2.3 results and evaluation
The results of the experiment are shown in table I. In 60 experiments, our method learned an average of 94 sample nodes, 73 color sample nodes, 32 shape symbol nodes, 22 color symbol nodes, 21 name sample and symbol nodes, and 57 associated nodes. In both environments, the number of nodes per layer is very close. This means that our method is stable under different circumstances. The nodes of the symbol level indicate that our method forms a total of 42 shape classes and 26 color classes. The number of these categories exceeds the number of objects because different views of the object may have different shapes and colors, and rotation of the object has a greater effect on the shape categories than on the color categories. The average number of nodes per shape and color category is 3, and the average number of stored instances per category is 4 for shapes and 7 for colors. This shows that our method can both identify similar instances and learn new classes, i.e., both intra-class instances and inter-class instances can be learned at the same time.
The change in the number of categories may reflect the online learning process, as shown in FIG. 5. We can find that the number of classes increases rapidly at the beginning and becomes progressively more stable as the number of instances increases. This shows that our method can realize online identification and learning. However, GWR can only be learned during the training phase and identified during the testing phase. The PCN clusters the shape and color features only through topological connection, and does not store category information, and the number of categories in the PCN conceptual layer shown in the table I is calculated after learning is finished.

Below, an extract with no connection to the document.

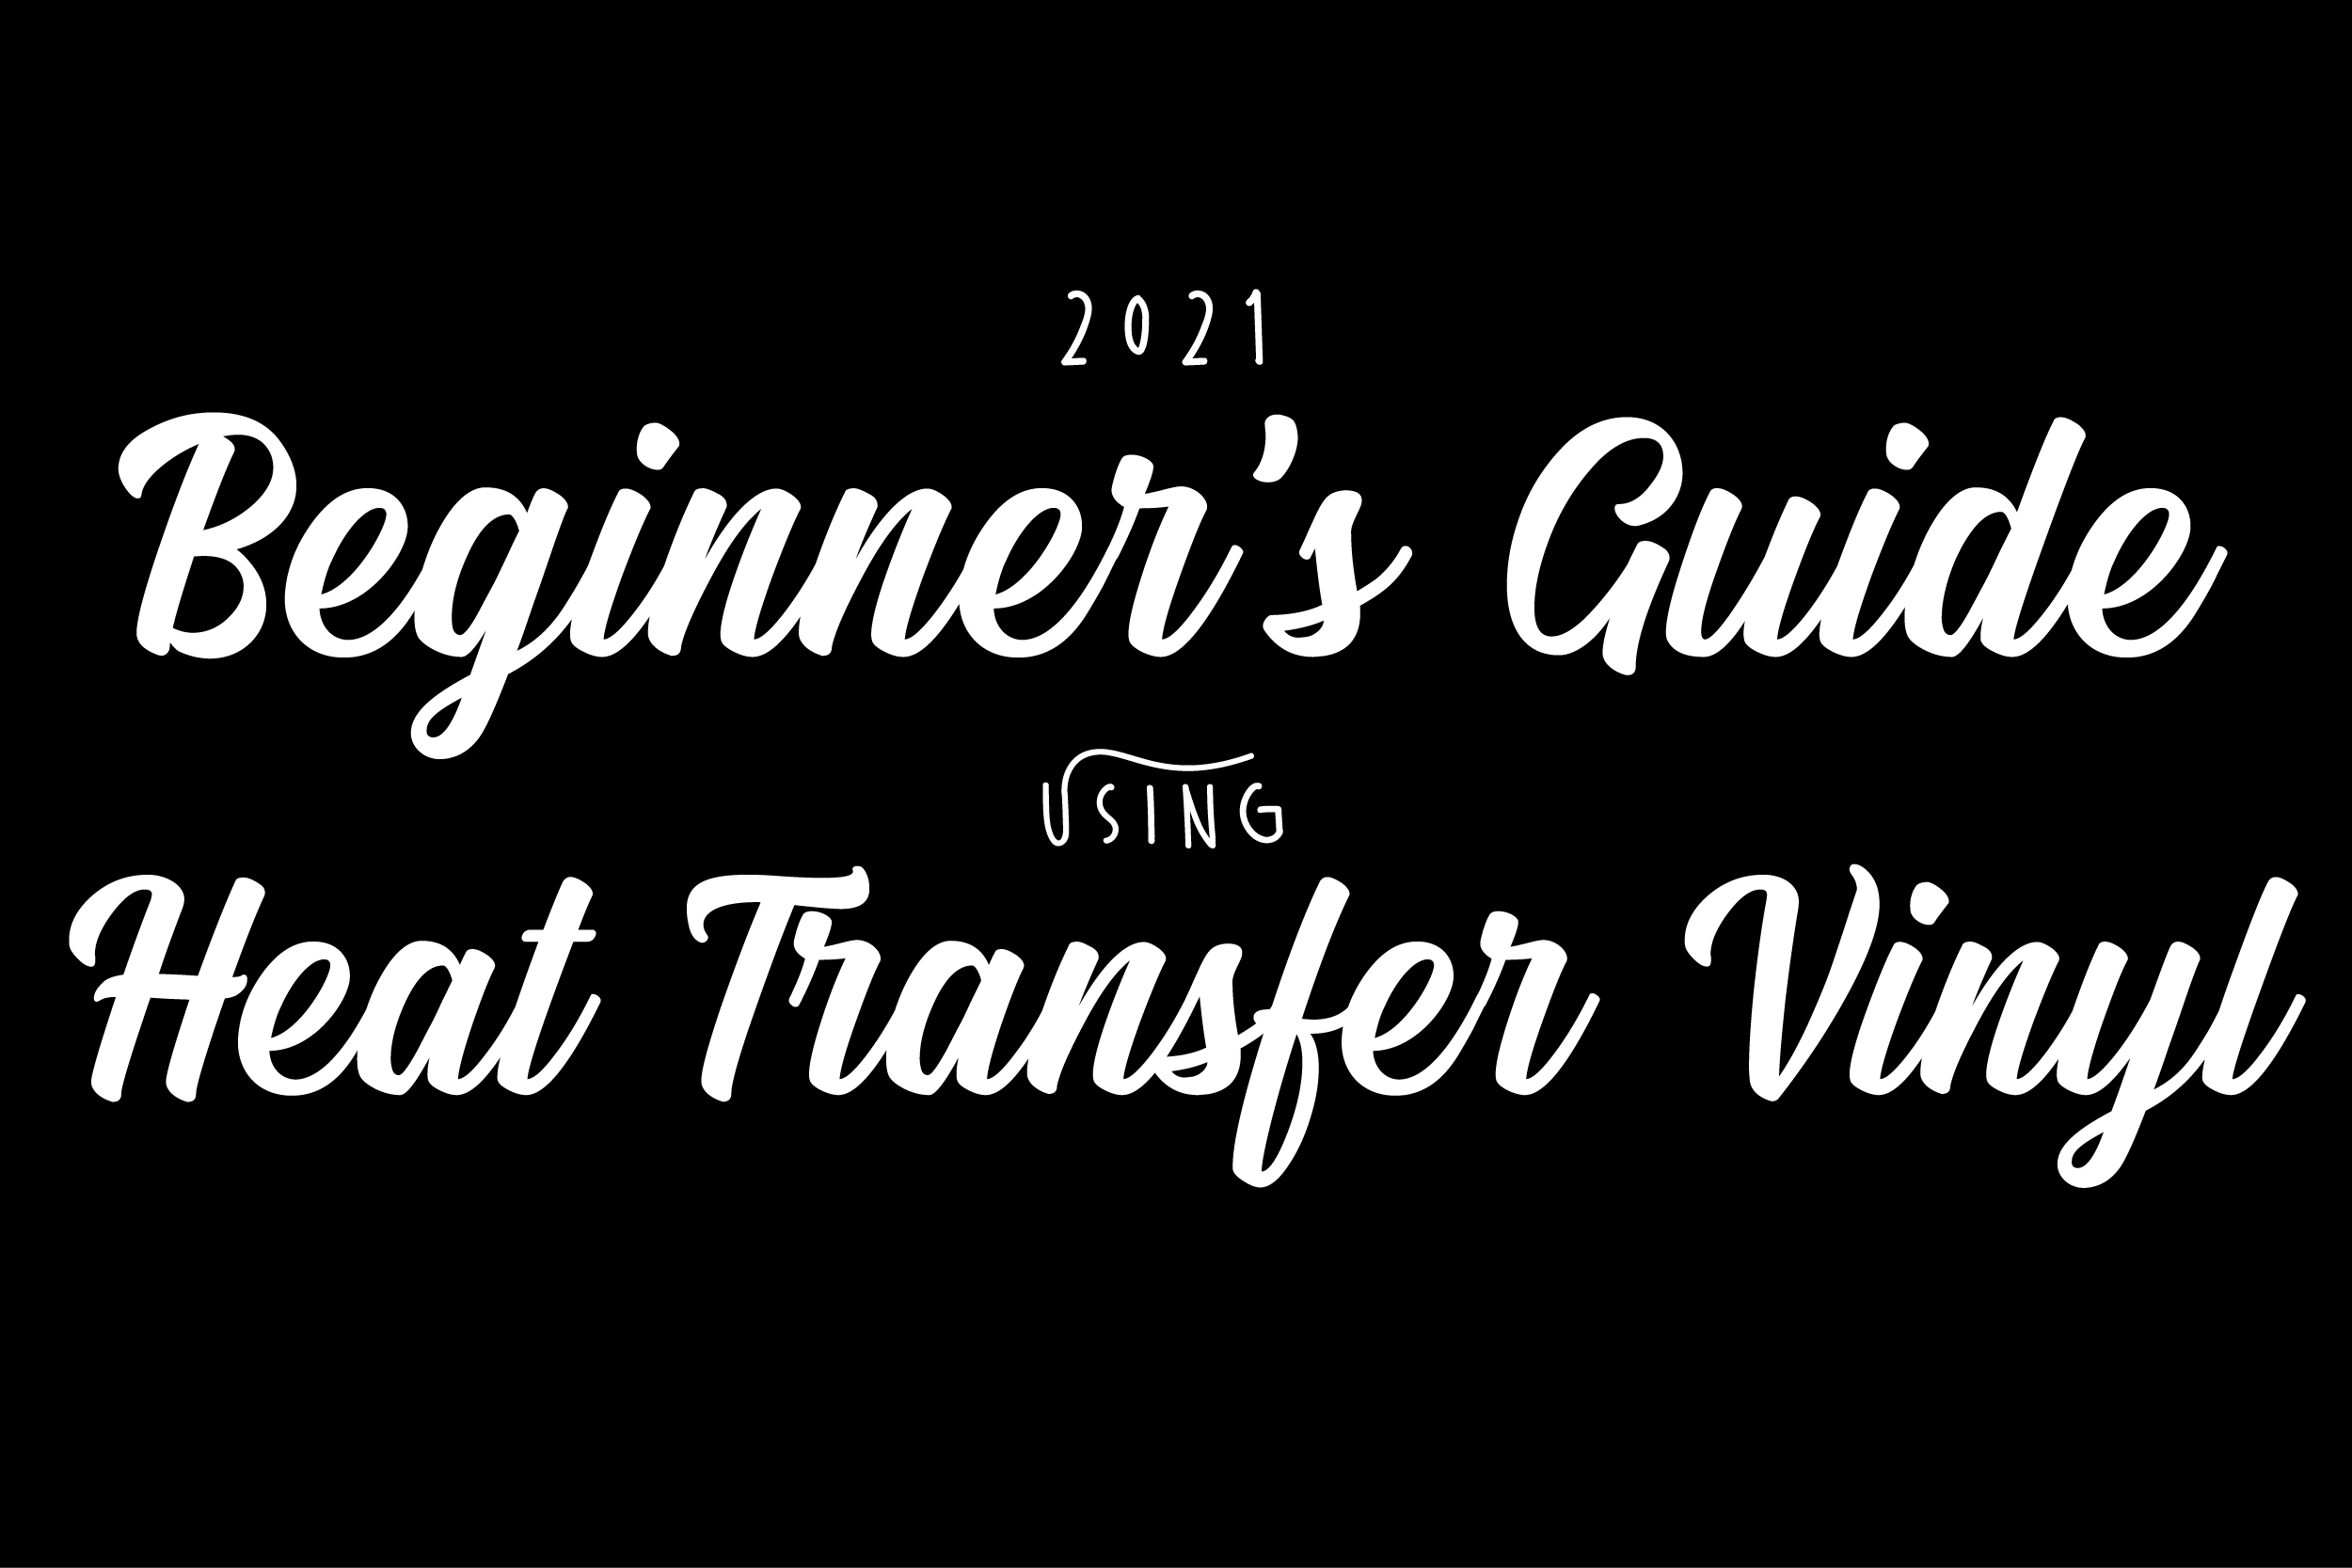 The Beginner's Guide to Heat Transfer Vinyl

When at is 0.8, GWR learns a small number of shapes and color symbols, which is insufficient to represent all categories. When at is 0.95, the symbol node of GWR may satisfy the number of classes, but there are too many sample nodes. This indicates that the performance of GWR depends largely on the similarity threshold. However, it is difficult to find a suitable threshold before experimentation to resolve the quantity-quality dilemma. While our approach can implement the network autonomous learning category using dynamic adaptive thresholds and top-down response strategies. Furthermore, our method does not require multiple training and is more efficient than GWR.
Our approach is more autonomous than PCN, since the proposed top-down response strategy can utilize learned knowledge to resolve conflict situations without asking human beings. During the learning process, the PCN queries the experimenter 104 times on average when an unknown object or conflicting recognition result is encountered. For the number of nodes, although our shape and color sample nodes both exceed the number of nodes in the PCN, the number of nodes in both the auditory sample layer and the symbol layer are significantly smaller than the number of nodes in the PCN. In addition, our number of associated nodes is also close to PCN. In summary, our cognitive structure may be comparable in complexity to PCN.

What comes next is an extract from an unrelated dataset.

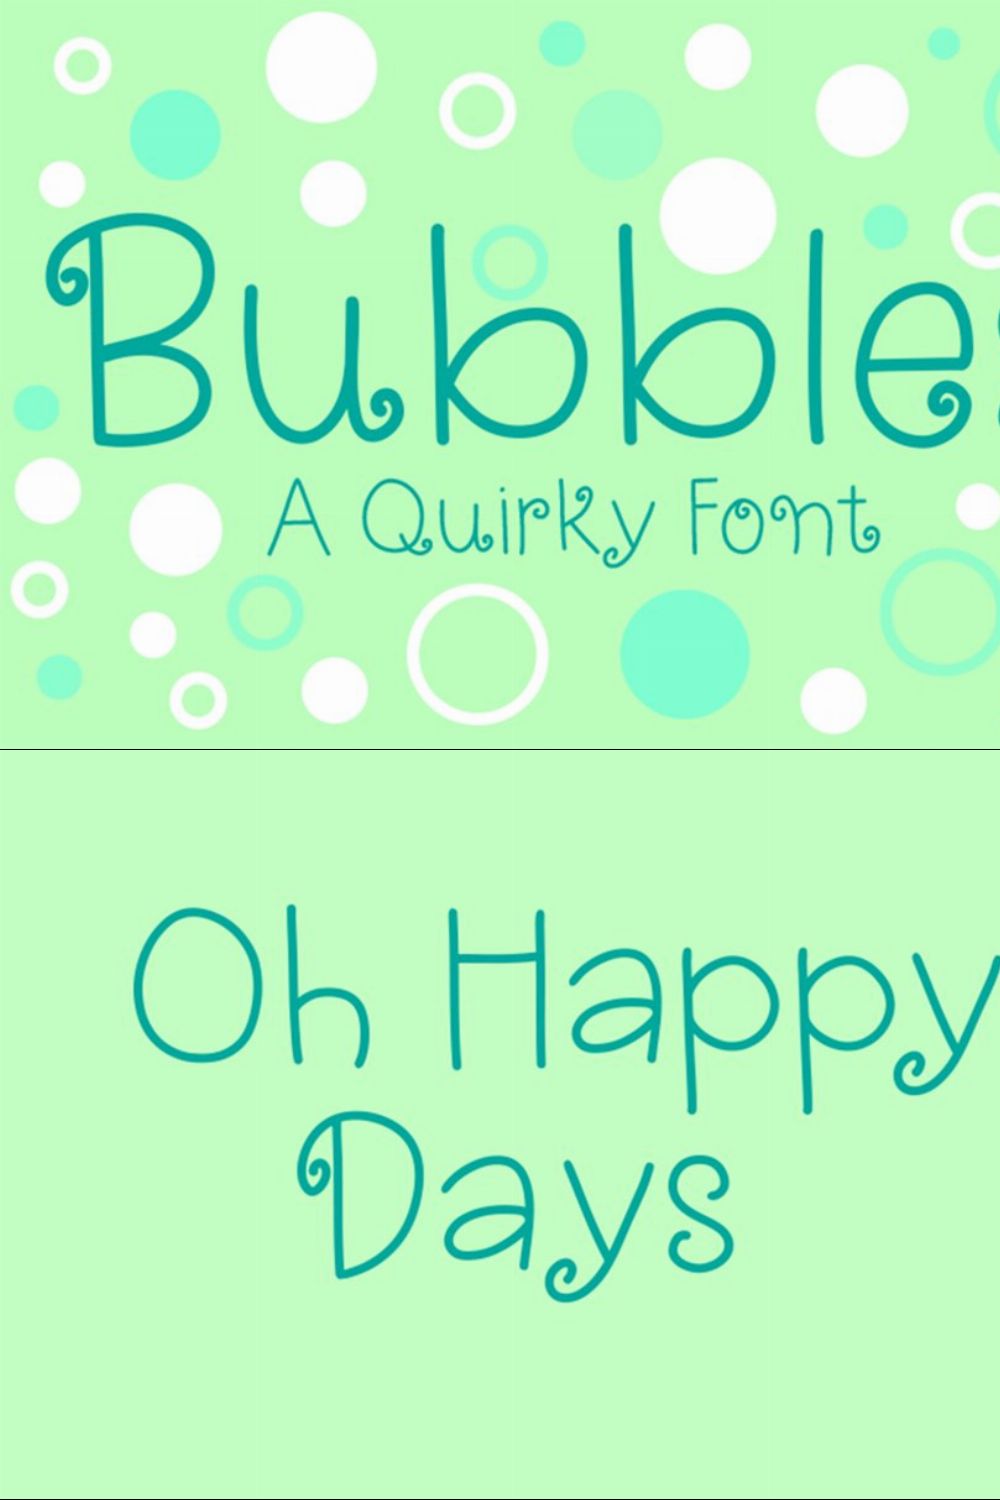 Bubbles pinterest preview image.

Table i experimental results in closed and open environments
Figure GDA0002523356670000241
TABLE II callback rates in closed and open environments
Figure GDA0002523356670000242
Figure GDA0002523356670000251
To verify the learning effect of the network, we compared visual and auditory callback rates by testing one modality to recall another. The callback test is performed after each learning, and all objects and their names that have been learned before need to be tested. We still performed 30 conditioning experiments in closed and open environments. Since GWR is only used to learn visual features, there is no need to consider the auditory callback rate of GWR. As shown in table II, the overall visual recall rate of our method was 90.02%, which is higher than 83.98% obtained with PCN. When at is greater than or equal to 0.9, the visual recall ratio of GWR is better than our method, and when at is less than or equal to 0.85, the GWR results are worse than our method. This means that the similarity threshold not only affects the number of nodes generated by the GWR, but also determines the identification performance of the GWR. For the auditory callback test, our method achieves 100% accuracy, while PCN has only 61.47%. One reason is that we use words to represent auditory concepts, which is simpler than syllables used by PCN. Thus, the method of the present invention can correctly identify what people say each time. Another reason is that the method employs a top-down response strategy that can map names to the correct visual representation.

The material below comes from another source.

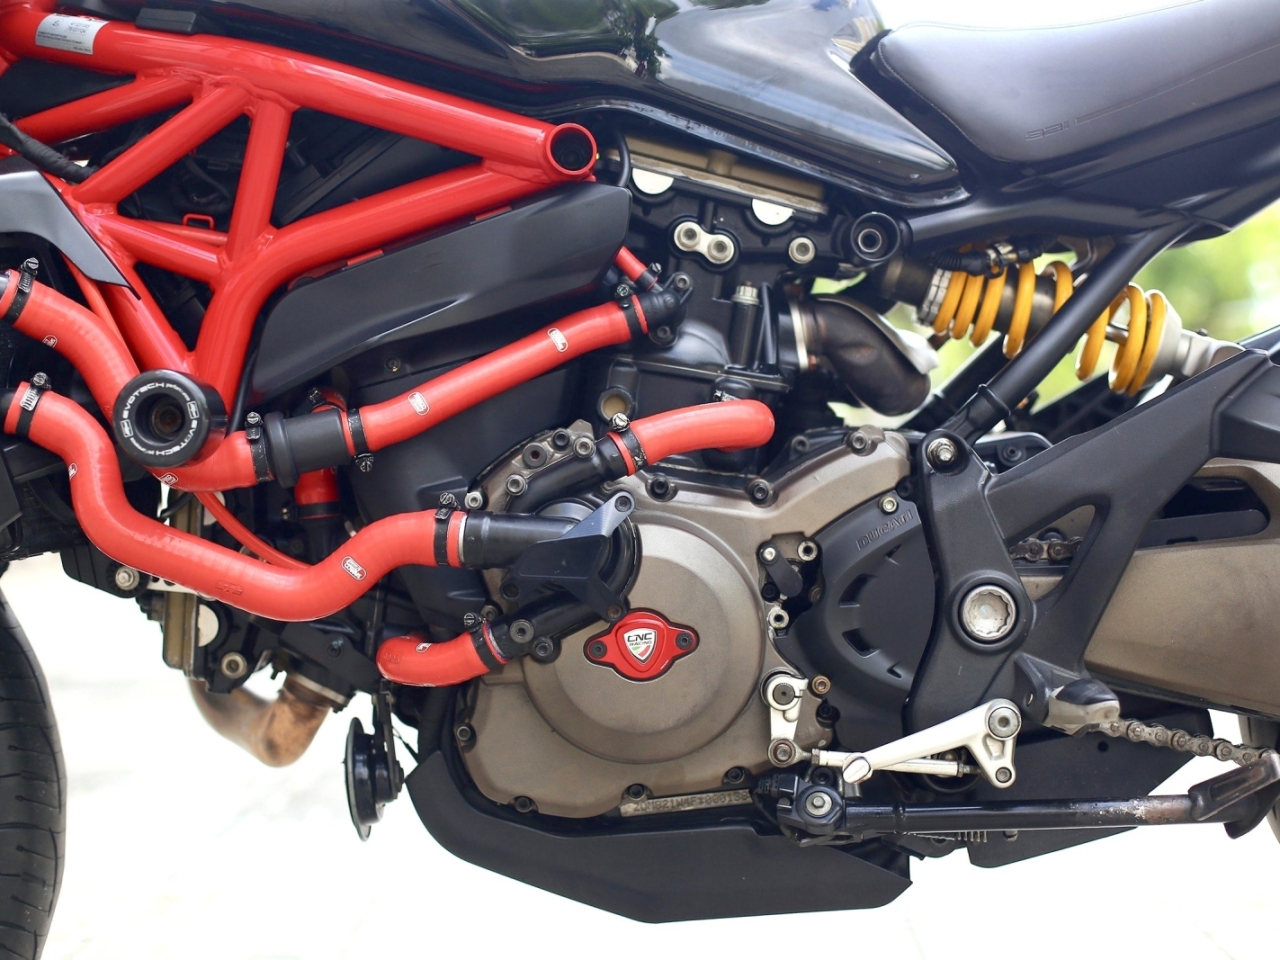 298. Ducati Monster 821

To test the effectiveness of the dynamic adaptive similarity threshold strategy, we recorded the final learning results of the two dynamic adaptive thresholds shown in fig. 6(a), 6(b) (vertical axis represents error rate, horizontal axis represents number of each node.) most of the nodes were significantly adjusted during the learning process, which indicates that the method of the present invention can autonomously learn from the data and form two reliable similarity thresholds for each sample node.
Experimental results show that the cognitive structure can autonomously realize online and incremental learning. Knowledge grows as nodes increase. The weight and similarity threshold of each node is also gradually adjusted as the samples are input. In addition, the structure utilizes a suitable number of nodes to form a stable object view and name representation, a compact class notation representation, and appropriate audiovisual associations. Under the condition of no manual help, the method improves the callback rate of the object. The proposed dynamic adaptive threshold strategy utilizes data characteristics to autonomously adjust node thresholds, so that the network learns category concepts and intra-class examples at the same time. The proposed top-down response strategy enables the network to autonomously guide type judgment, recall information and solve conflict situations without human guidance, so that the robot has autonomous cognitive ability. Our method can develop the cognitive ability of the robot step by step.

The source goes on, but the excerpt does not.